[Records supplied]

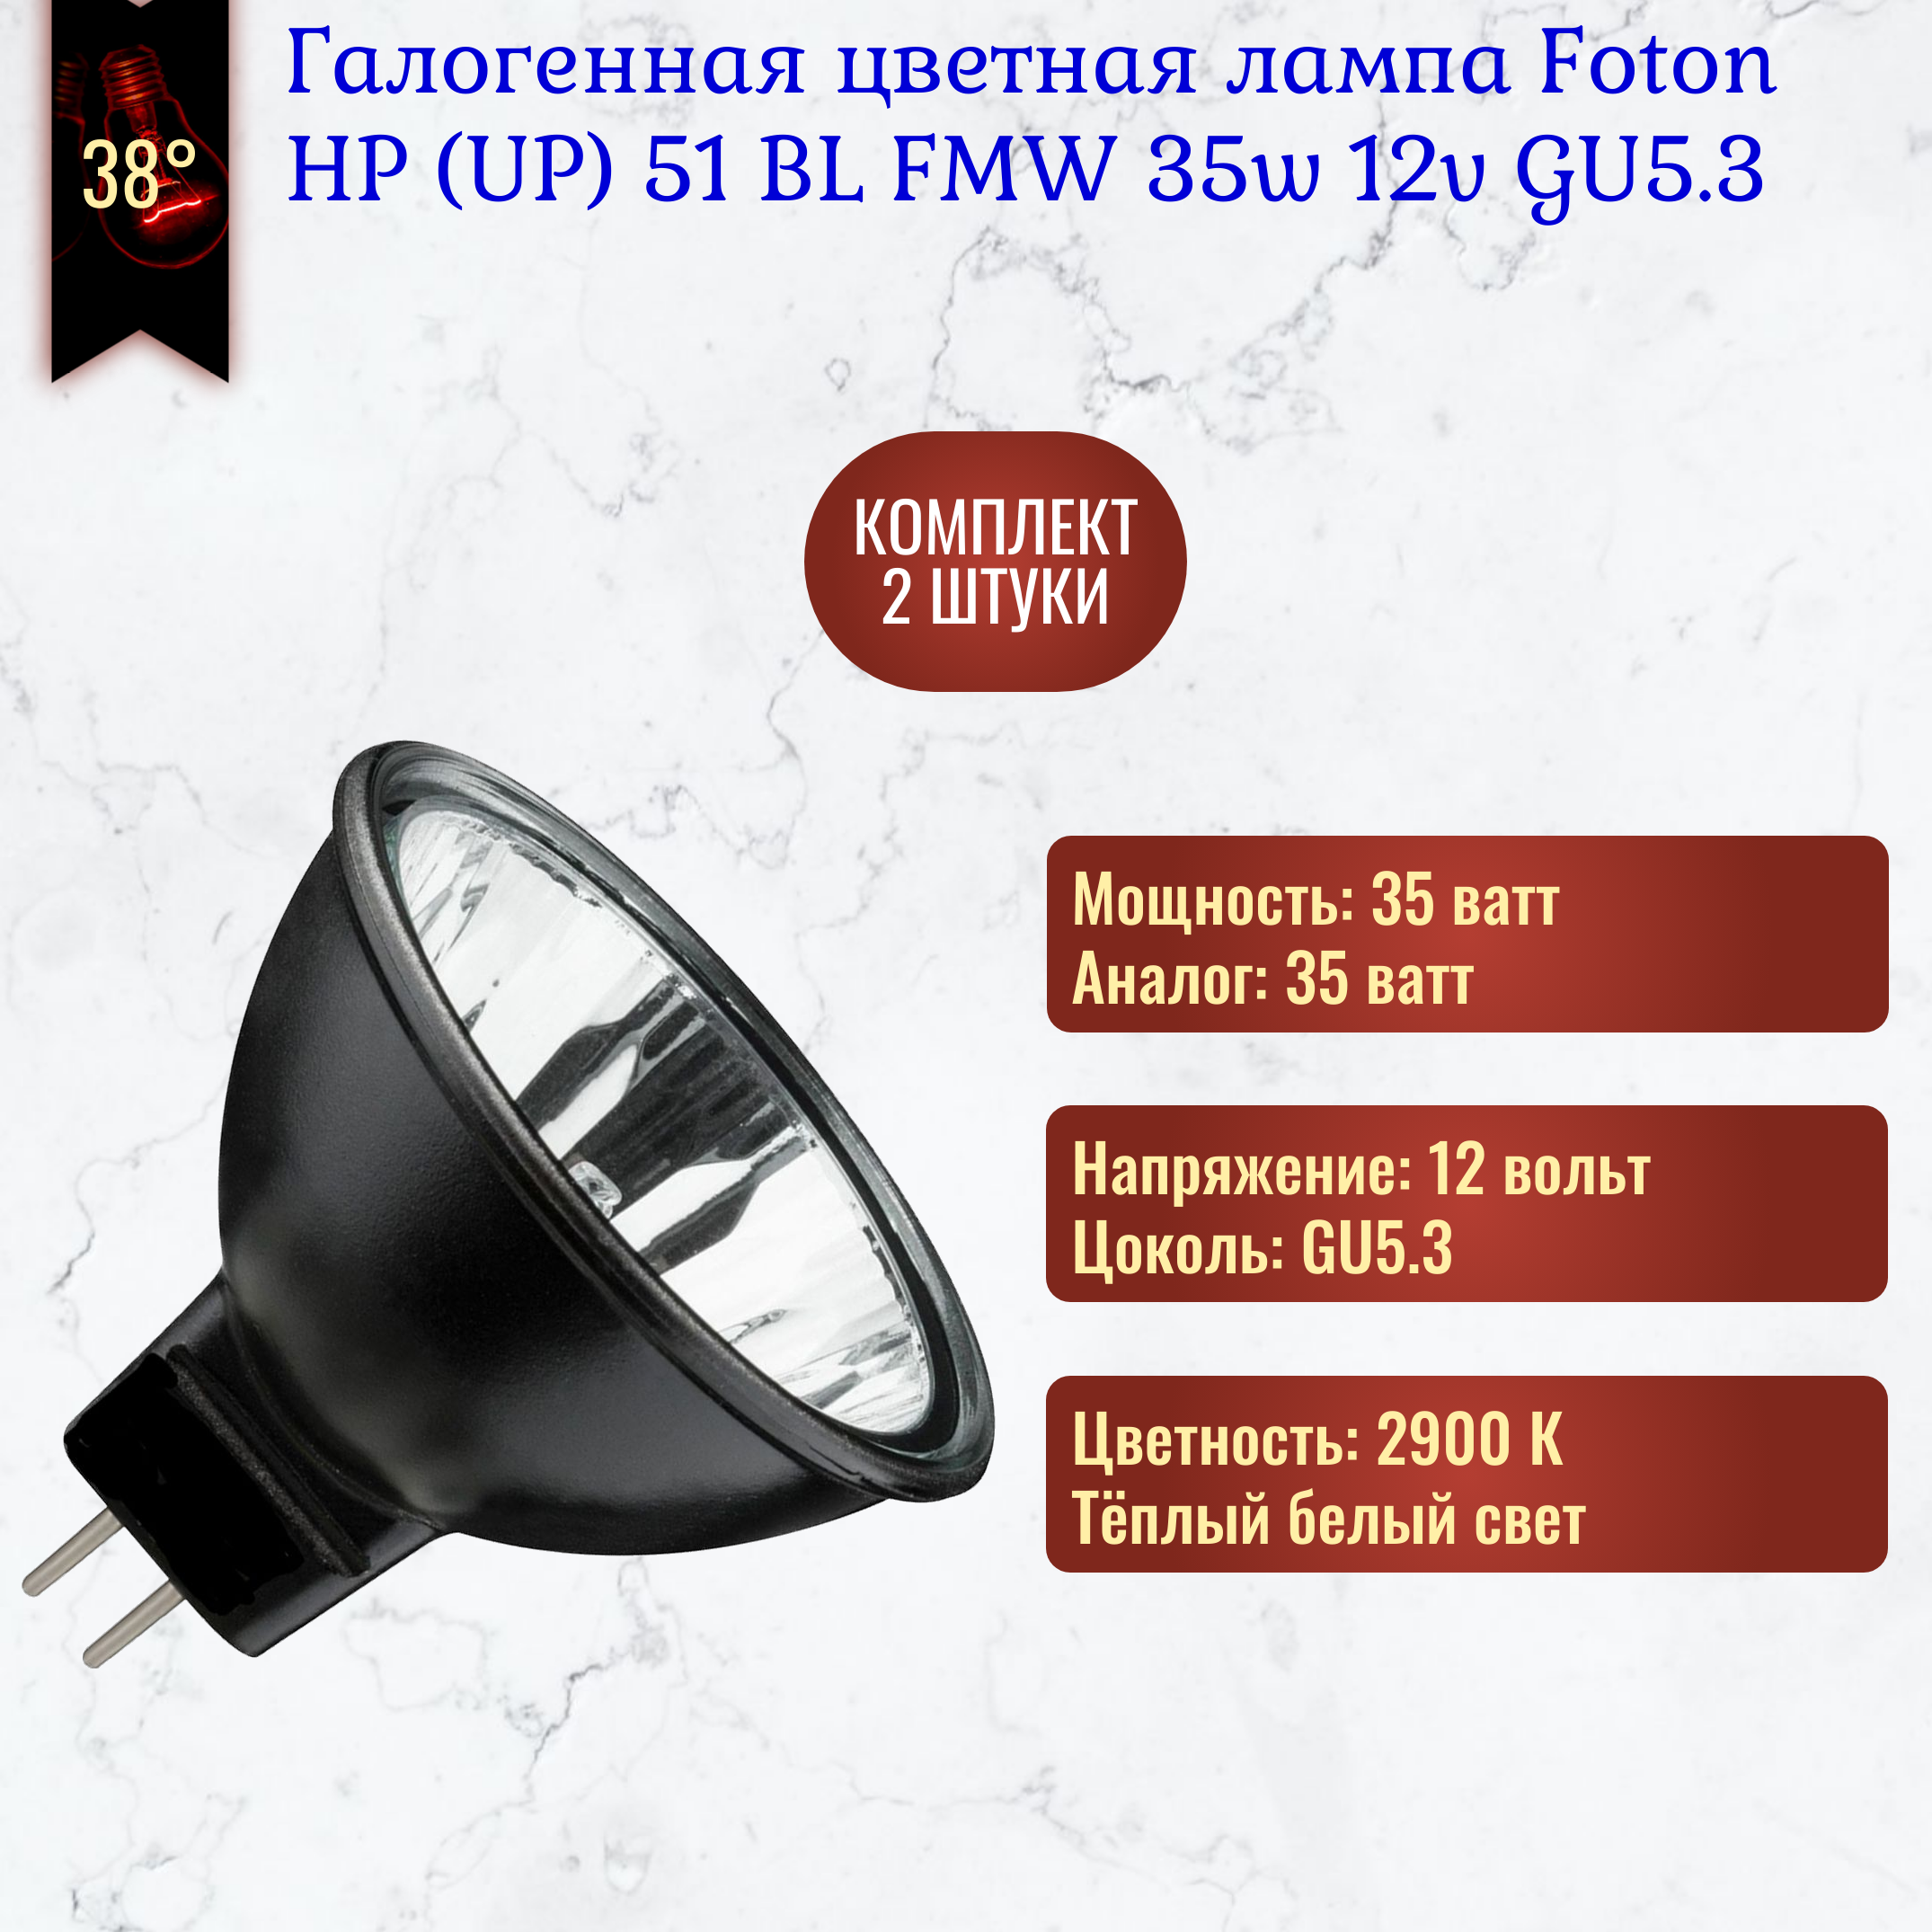 Лампочка Foton UP51 BL 35w 12v GU5.3 Black Reflector галогенная, черный отражатель, теплый белый свет / 2 штуки
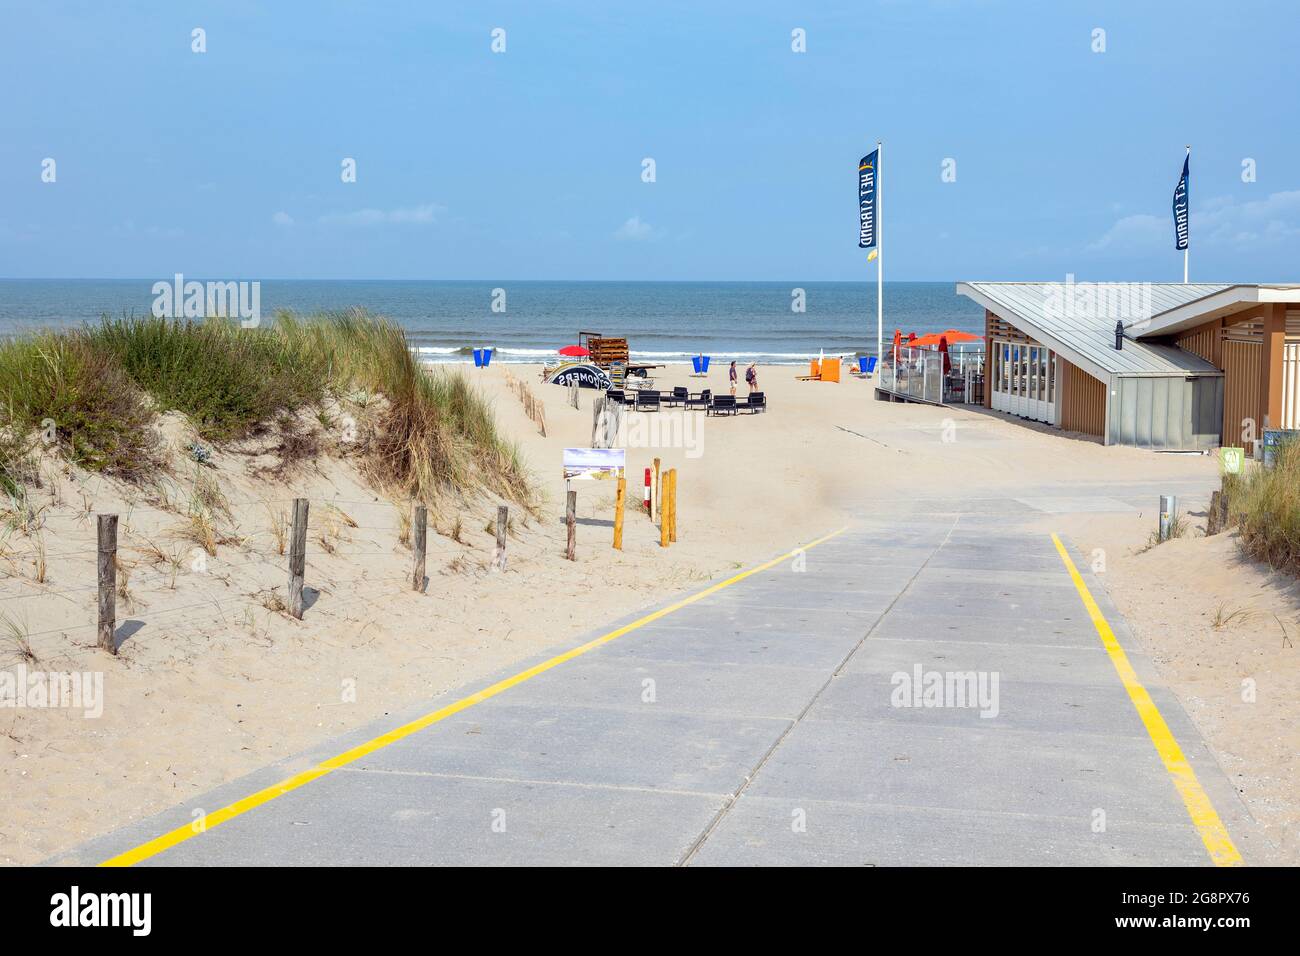 Verano a lo largo del Mar del Norte: Vista atractiva de la playa en Katwijk, Holanda del Sur, Holanda, un popular complejo costero. Foto de stock
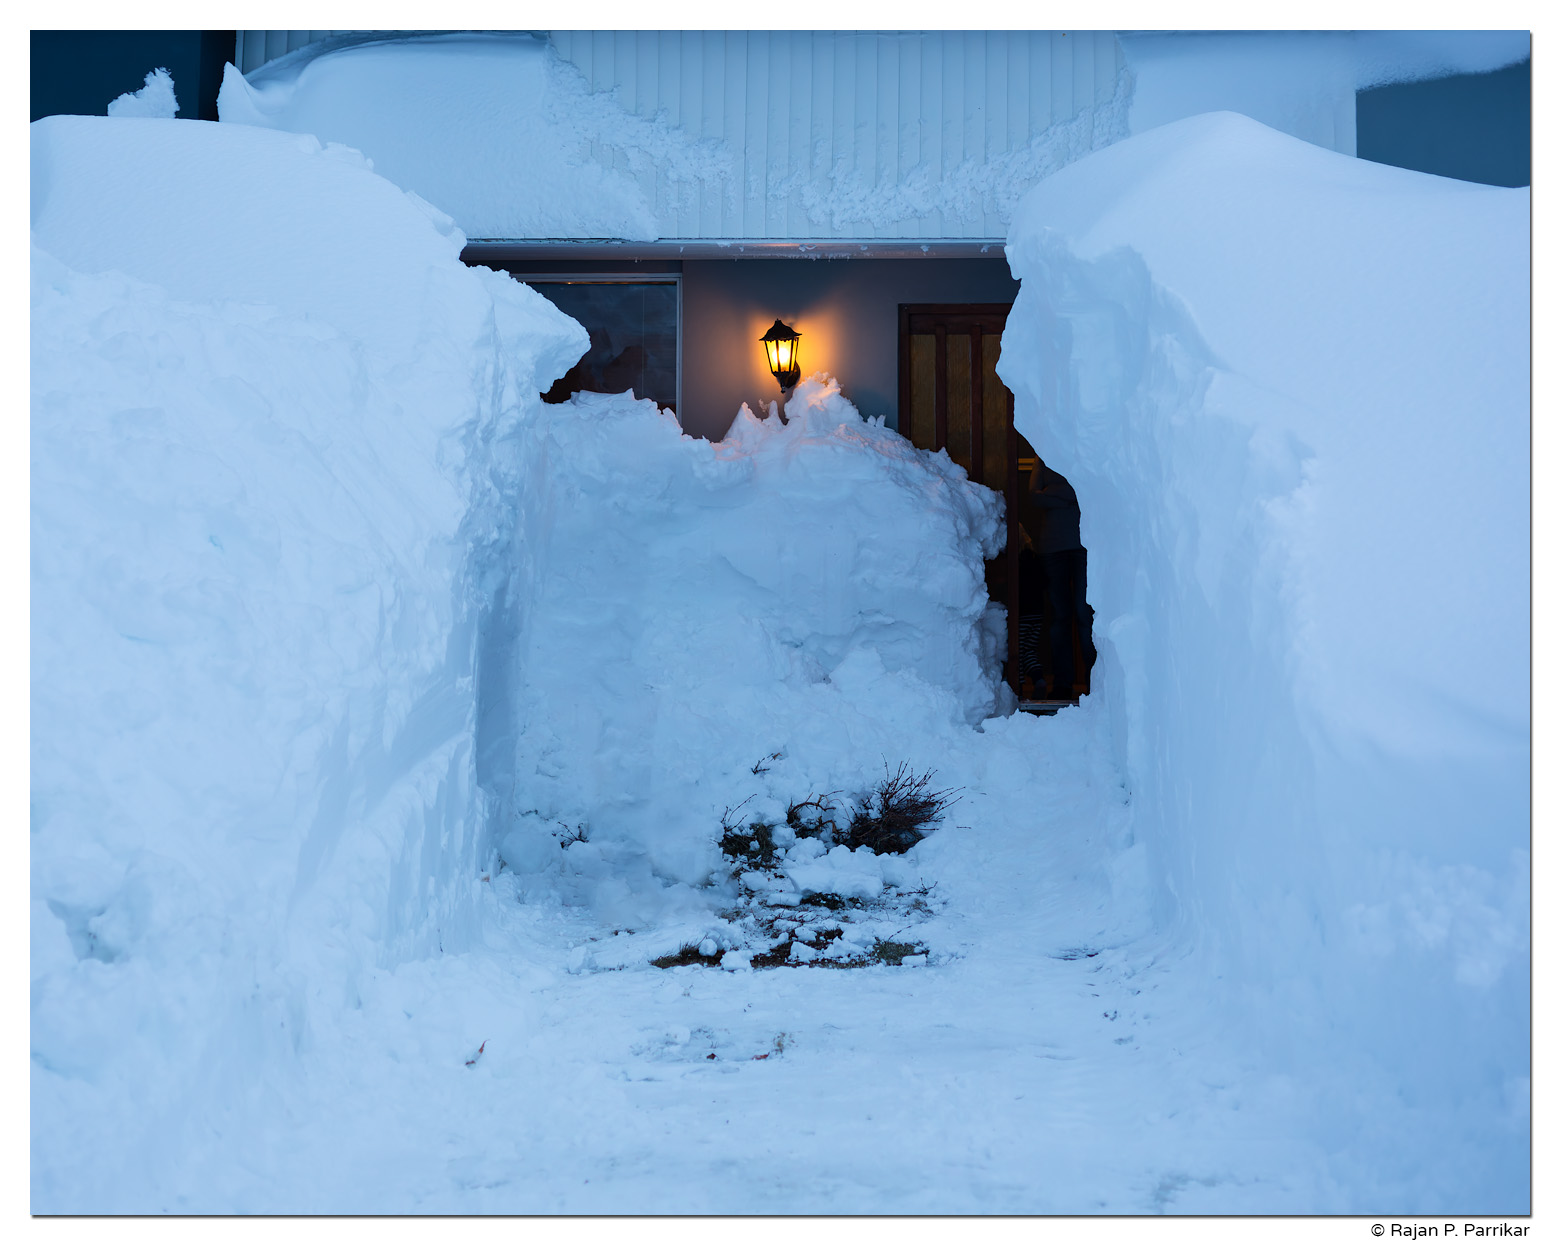 House in snow, Hofsós, Iceland
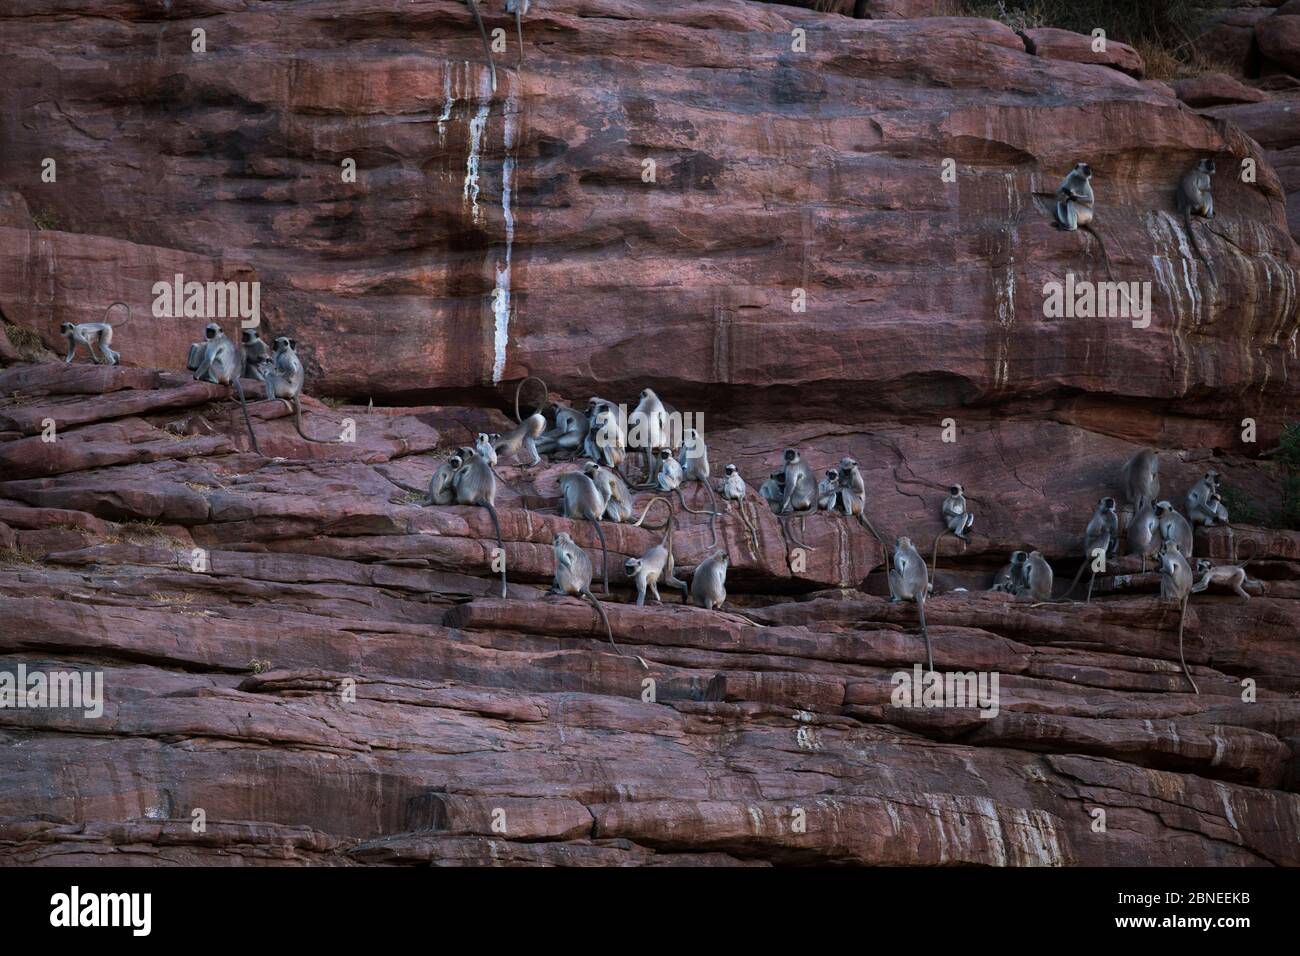 Südebene graue Langur / Hanuman langurs (Semnopithecus dussumieri) auf Sandsteinfelsen gesammelt. Jodhpur, Rajasthan, Indien. März. Stockfoto
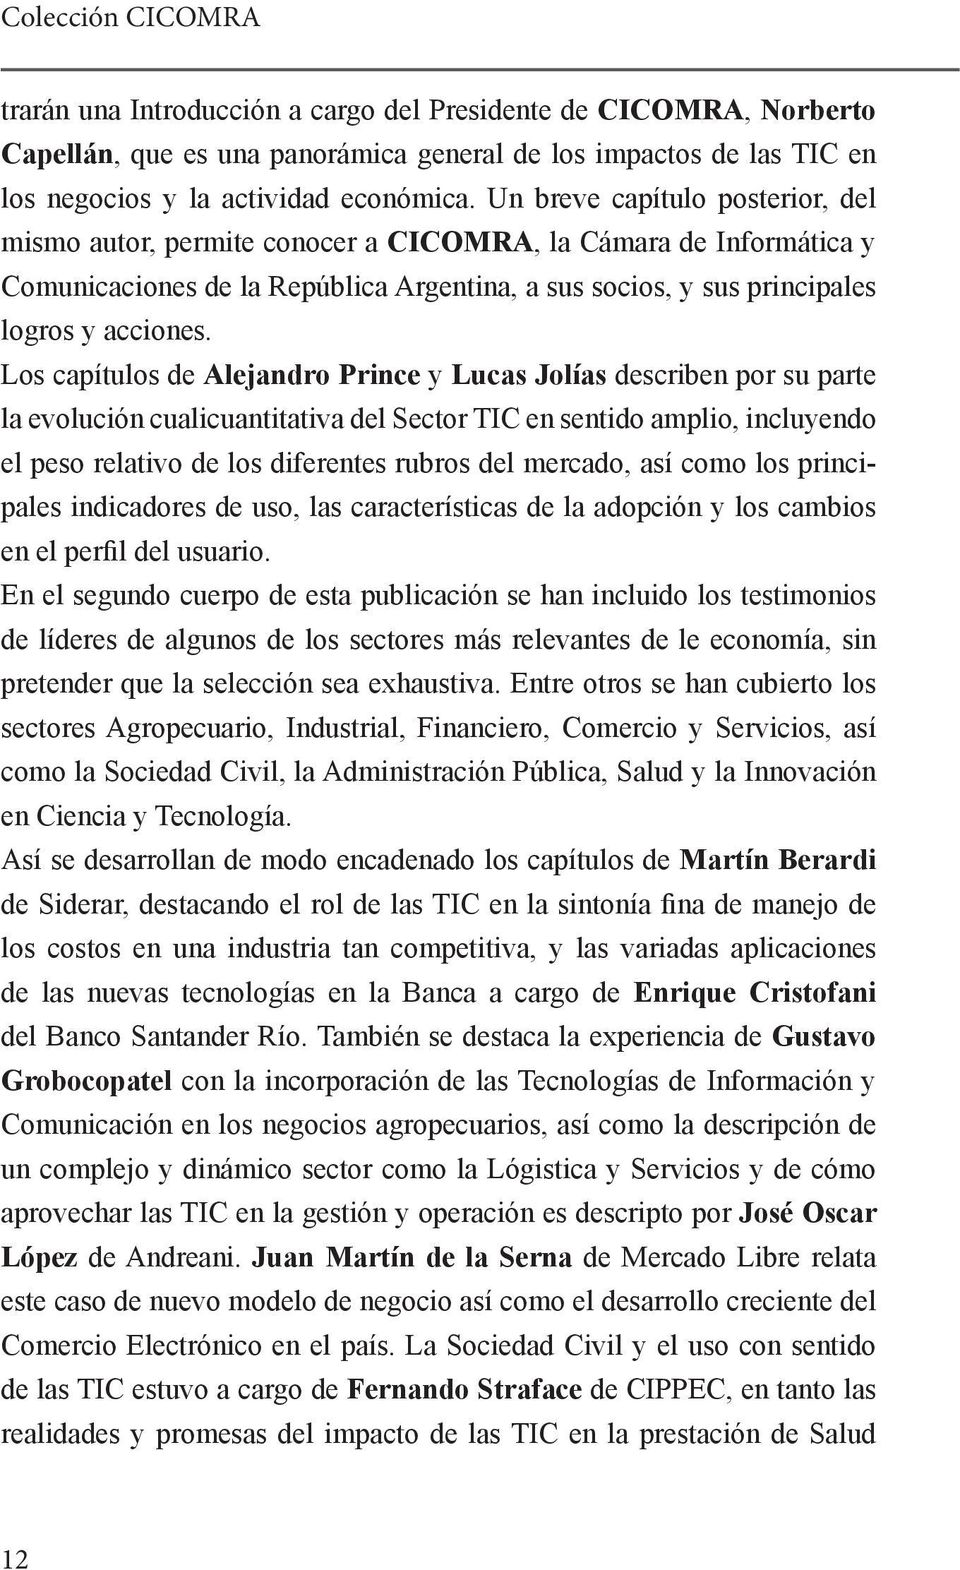 Los capítulos de Alejandro Prince y Lucas Jolías describen por su parte la evolución cualicuantitativa del Sector TIC en sentido amplio, incluyendo el peso relativo de los diferentes rubros del

[/Records supplied]

» What to work on
Nothing but the lines from the one holding "Verano a lo" through the last line of the entries should be written out, exactly and inclusively, minus the pictures.

» Solution to the exercise
 Verano a lo largo del Mar del Norte: Vista atractiva de la playa en Katwijk, Holanda del Sur, Holanda, un popular complejo costero. Foto de stock
 House in snow, Hofsós, Iceland
 Südebene graue Langur / Hanuman langurs (Semnopithecus dussumieri) auf Sandsteinfelsen gesammelt. Jodhpur, Rajasthan, Indien. März. Stockfoto
 Los capítulos de Alejandro Prince y Lucas Jolías describen por su parte la evolución cualicuantitativa del Sector TIC en sentido amplio, incluyendo el peso relativo de los diferentes rubros del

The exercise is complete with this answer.